What is expected
Return the full listing word for word, but drop every picture from it.

Source material
......

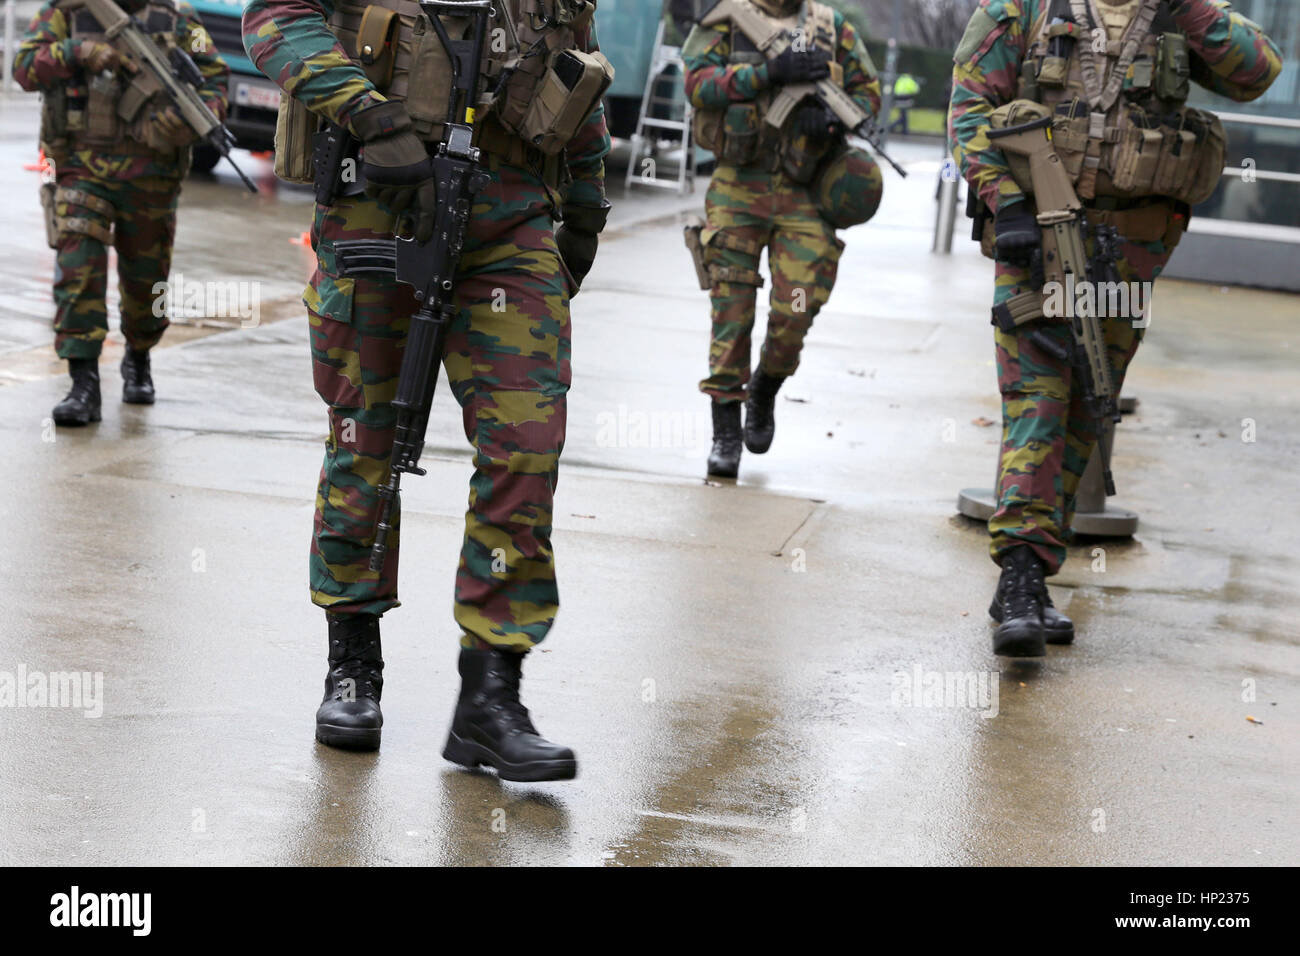 Guardia de soldados belgas de las instituciones europeas. La gente irreconocible en uniformes. Las medidas de seguridad tras los atentados de Bruselas de 2016. Sólo las piernas. Foto de stock
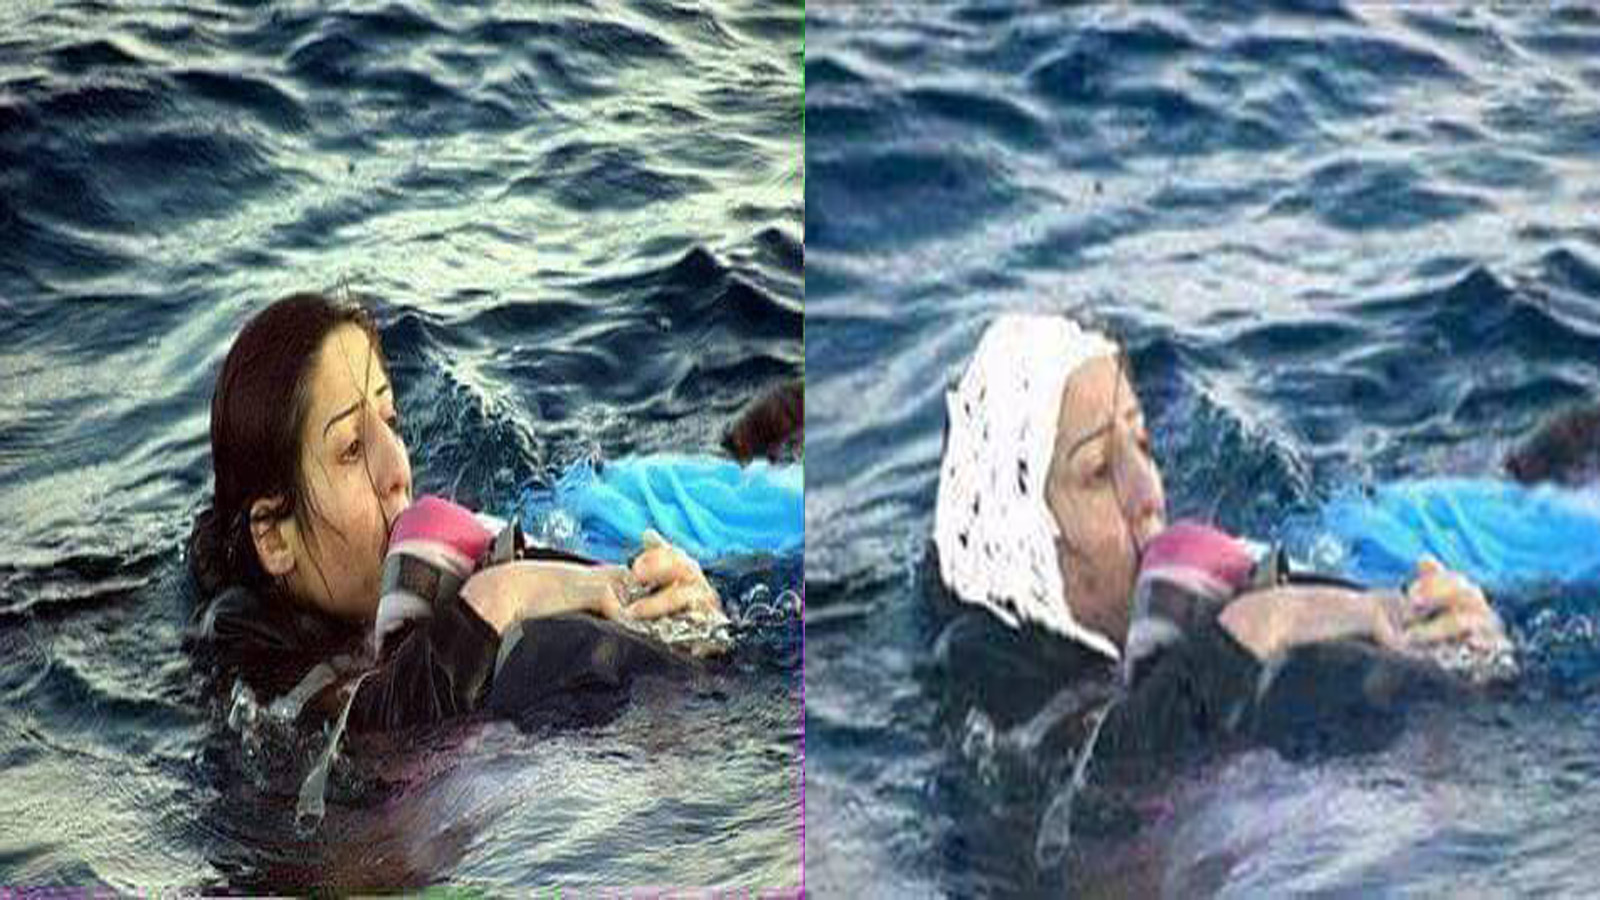 "تحجيب" لاجئة سورية قتلها البحر: طقوس "داعش" في يومياتنا
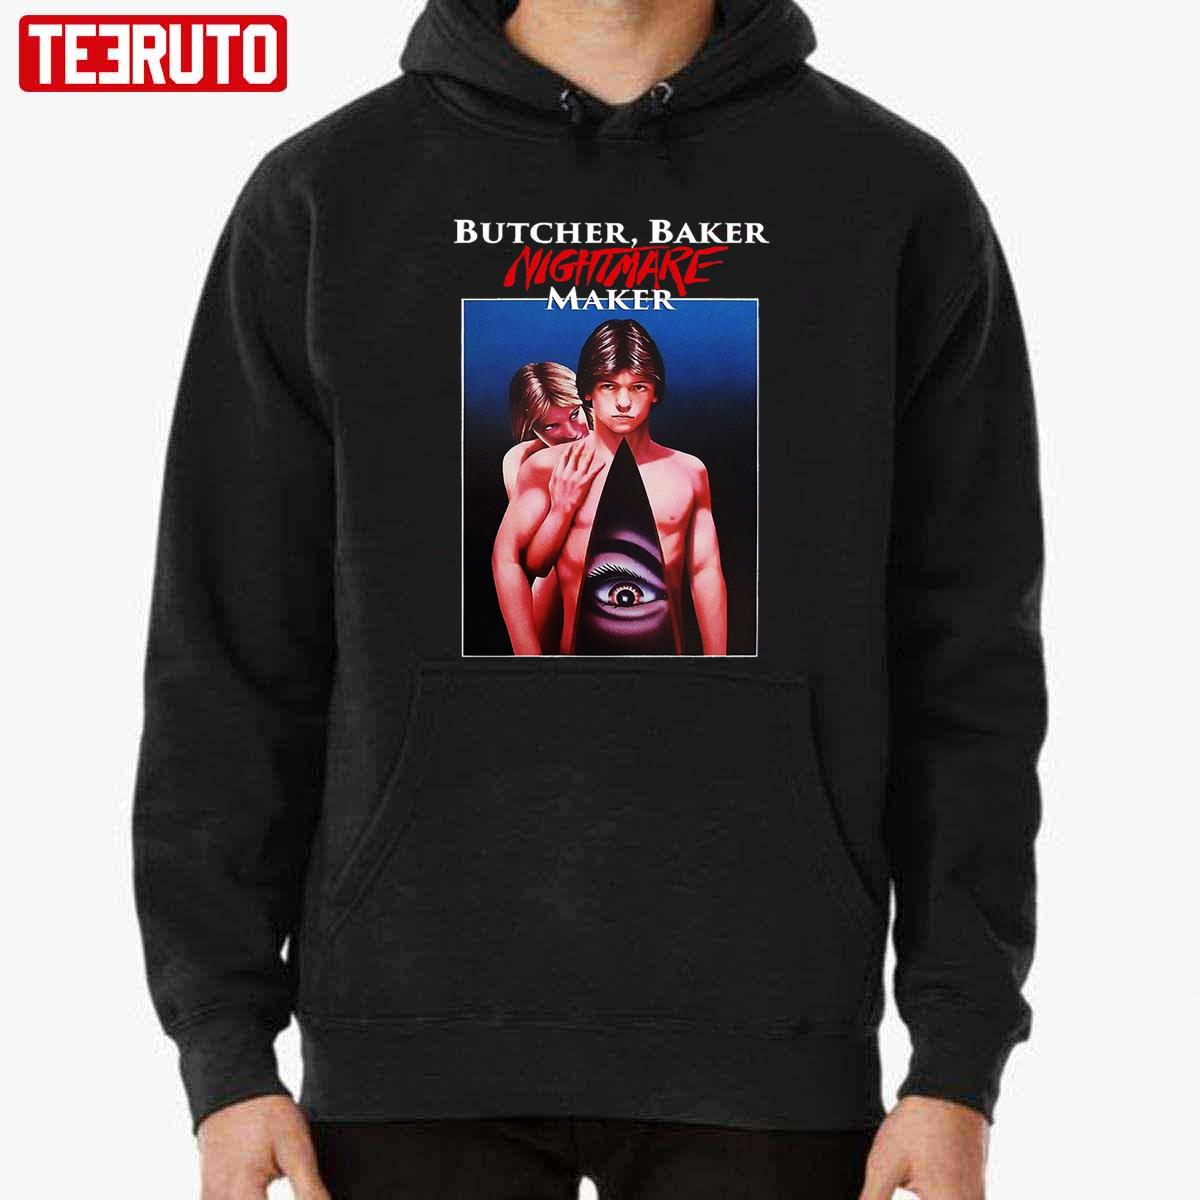 Butcher Baker Nightmare Maker Unisex Sweatshirt

......

Task solution
 Guardia de soldados belgas de las instituciones europeas. La gente irreconocible en uniformes. Las medidas de seguridad tras los atentados de Bruselas de 2016. Sólo las piernas. Foto de stock
 "تحجيب" لاجئة سورية قتلها البحر: طقوس "داعش" في يومياتنا
 Butcher Baker Nightmare Maker Unisex Sweatshirt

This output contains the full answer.